“I’m so bored. I hate my life.” - Britney Spears
Das Langweilige ist interessant geworden, weil das Interessante angefangen hat langweilig zu werden. – Thomas Mann
"Never for money/always for love" - The Talking Heads
Tuesday, May 08, 2007
What's so funny?
We mortals are forced, though it may hurt us
to bear the gifts of the gods. For the yoke lies on our necks. – Homeric hymn to Demeter
Herodotus recorded the obscure origin of today’s schoolboy insult: “He tells us that Sesostris, king of Egypt, raised columns in some of the countries that he conquered, on which he caused to be figured the female organ of generation as a mark of contempt for those who had submitted easily,” according to Knight’s discourse on the worship of priapus. But as Knight adds: May not these columns have been intended, if we knew the truth, as protections for the peole of the district in which they stood, and placed in the position where they could most conveniently be seen?”
Speaking of the female organ of generation gets us to the second myth that figures in Vernant’s essay: Death in the Eyes: Gorgo, figure of the Other. I want to place this myth next to Athena throwing away the flute – consider them as two paintings. This is the myth of Ceres and Baubo.
Some background: when Demeter’s daughter, Persephone, was ravished by the God of the underworld, Ceres went wandering about the world in mourning. Thus, she came to the small village of Eleusis. And, as we know from Arnobius, one of the Christian father’s who quoted at length from the Orphic hymns in order to discredit them (thus preserving them – such are the unexpected results of hatred), the scene in Eleusis consisted of some peasant swineheards and huts, in one of which Demeter entered to rest. The old woman in the hut, Baubo, sees that the goddess is in pain. She offers her some spiced wine. Here’s the translation from Arnobius, which seems a bit bowdlerized:
“The goddess in her sorrow turns away from the kindly offered services, and rejects them; nor does her misfortune suffer her to remember what the body always requires.16 Baubo, on the other hand, begs and exhorts her—as is usual in such calamities—not to despise her humanity; Ceres remains utterly immoveable, and tenaciously maintains an invincible austerity. But when this was done several times, and her fixed purpose could not be worn out by any attentions, Baubo changes her plans, and determines to make merry by strange jests her whom she could not win by earnestness. That part of the body by which women both bear children and obtain the name of mothers,16 this she frees from longer neglect: she makes it assume a purer appearance, and become smooth like a child, not yet hard and rough with hair. In this wise she returns16 to the sorrowing goddess; and while trying the common expedients by which it is usual to break the force of grief, and moderate it, she uncovers herself, and baring her groins, displays all the parts which decency hides;16 and then the goddess fixes her eyes upon these,16 and is pleased with the strange form of consolation. Then becoming more cheerful after laughing, she takes and drinks off the drought spurned before, and the indecency of a shameless action forced that which Baubo's modest conduct was long unable to win.”

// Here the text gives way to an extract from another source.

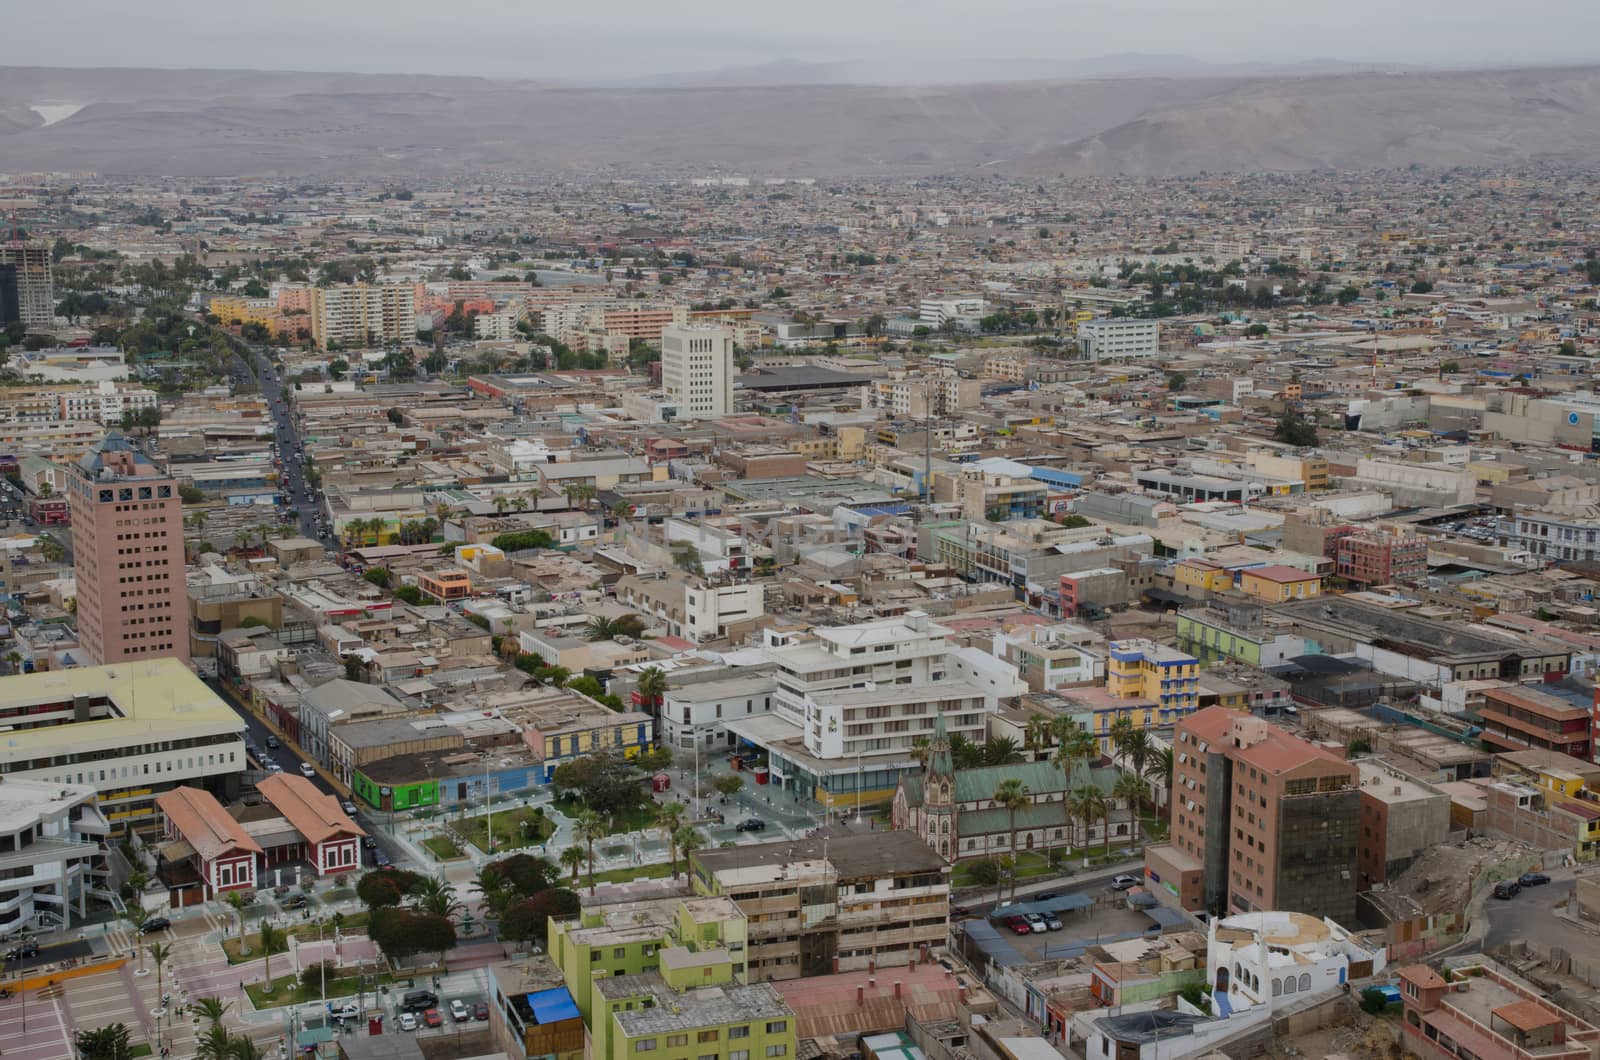 City of Arica in the Arica y Parinacota Region. by VictorSuarez

Now, the question for LI is: why did Demeter find Baubo’s flashing her so funny? Part of the joke that doesn’t come through in the Arnobius account is that Baubo painted the face of a man on her belly. That’s sorta funny. But what is the joke about flashing? Apparently, it is an important one. In Laurie O’Higgins Women and Humor in Classical Greece, there is a whole chapter on cultic obscenity emphasizing all women cults and the apparent ritual of obscene jests and sketches that enlivened reverencing the goddess. Of course, according to O’Higgins, the philosophers were intent on curbing this kind of obscenity – just as Athene throws away her flute, because it makes her cheeks bulge out when she blows into it. Actually, Aristotle reads this as a commentary on the wildness associated with the pipes. O’Higgins points to the festival of the Thesmophoria, a celebration of Demeter in which women in Athens temporarily separated from men, built huts and celebrated the Goddess. Obviously, the Baubo story indicates what the jokes were about. But LI doesn’t understand the joke in the first place. So we will come back to this in another post, and use that most inappropriate of all instruments, reason, to try to take apart the meaning of the joke.